A Geometric Probe of the Accuracy-Robustness Trade-off: Sharp Boundaries in Symmetry-Breaking Dimensional Expansion

Abstract

The trade-off between clean accuracy and adversarial robustness is a pervasive phenomenon in deep learning, yet its geometric origin remains elusive. In this work, we utilize Symmetry-Breaking Dimensional Expansion (SBDE) as a controlled probe to investigate the mechanism underlying this trade-off. SBDE expands input images by inserting constant-valued pixels, which breaks translational symmetry and consistently improves clean accuracy (e.g., from 90.47\% to 95.63\% on CIFAR-10 with ResNet-18) by reducing parameter degeneracy. However, this accuracy gain comes at the cost of reduced robustness against iterative white-box attacks. By employing a test-time mask projection that resets the inserted auxiliary pixels to their training values, we demonstrate that the vulnerability stems almost entirely from the inserted dimensions.
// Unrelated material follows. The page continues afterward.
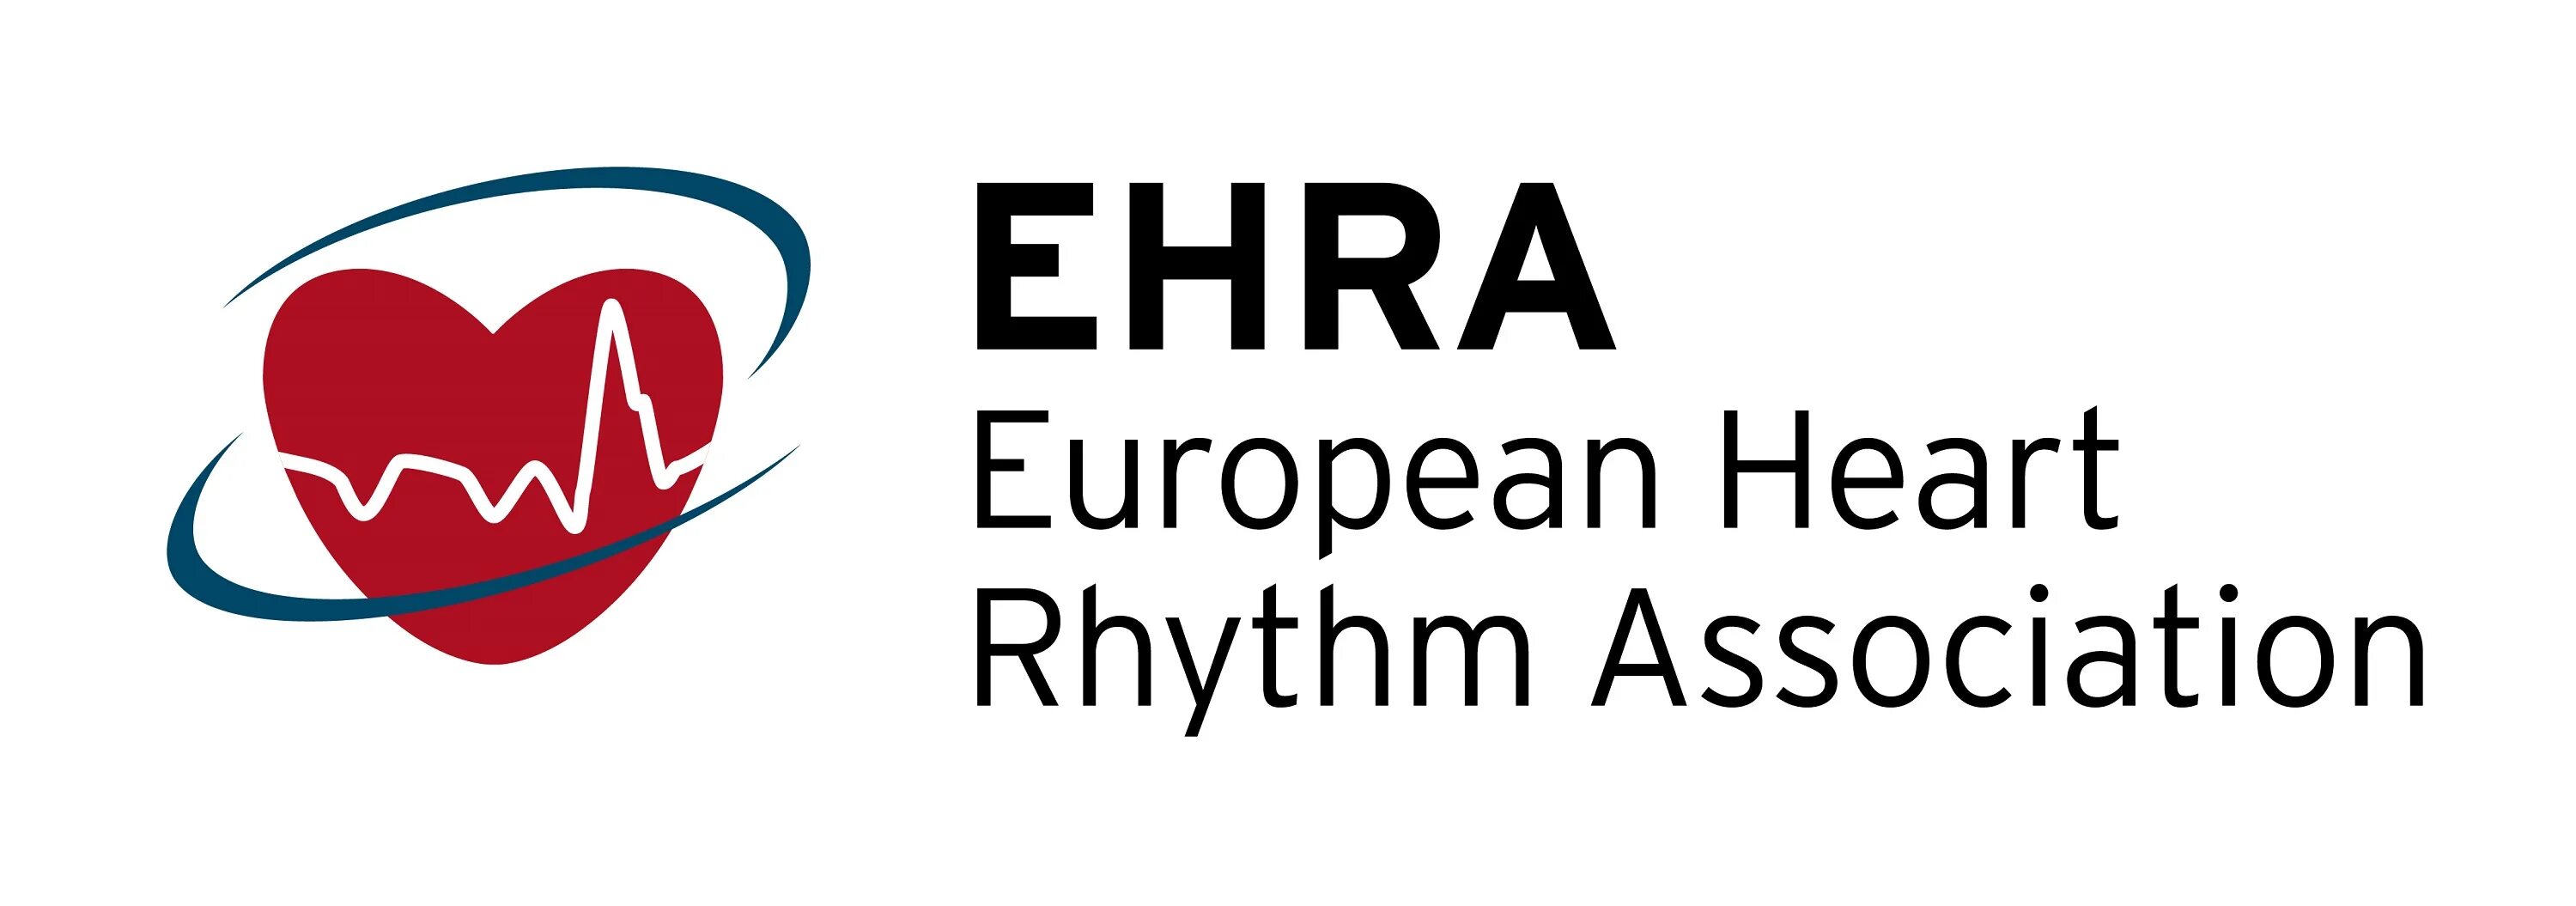 European society. Ehra в кардиологии. European Heart Rhythm Association. Ehra шкала. Ehra European Heart.
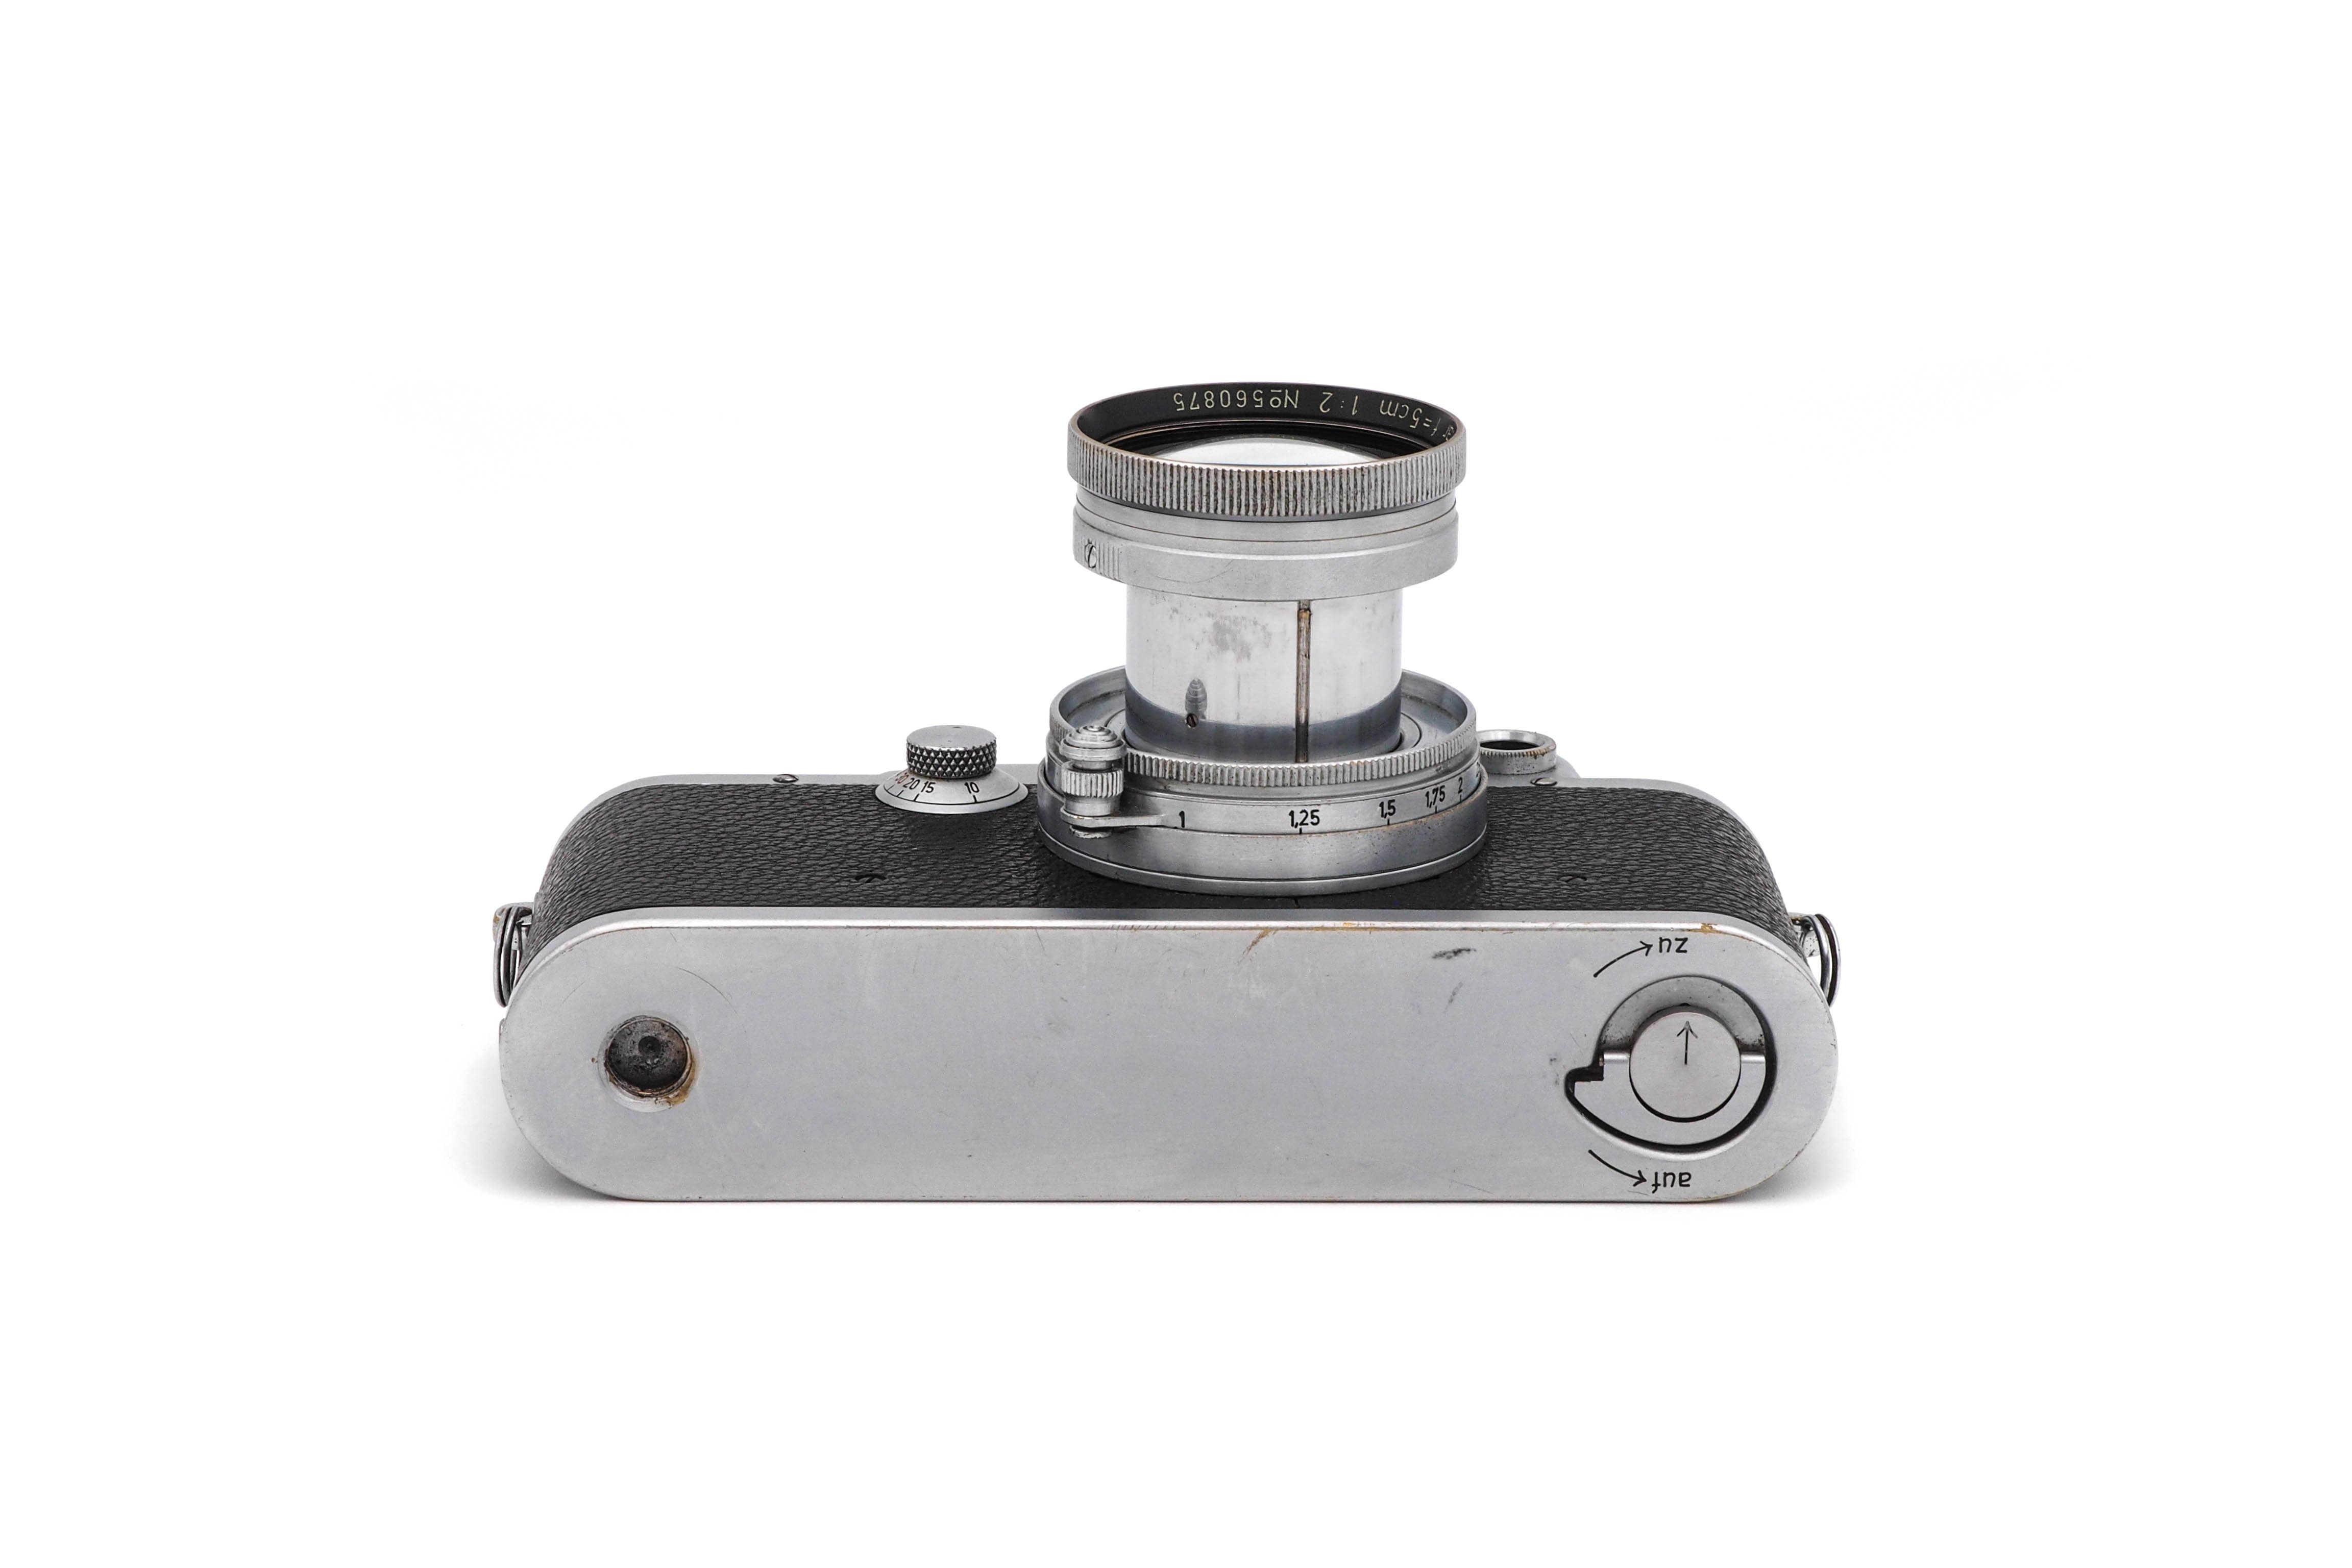 Leica IIIc (roter Verschlussvorhang) + Summitar 50mm f/2 1942

The projection effectively neutralizes the attacks and restores robustness, revealing that the model achieves high accuracy by creating sharp boundaries (steep loss gradients) specifically along the auxiliary axes. Our findings provide a concrete geometric explanation for the accuracy-robustness paradox: the optimization landscape deepens the basin of attraction to improve accuracy but inevitably erects steep walls along the auxiliary degrees of freedom, creating a fragile sensitivity to off-manifold perturbations.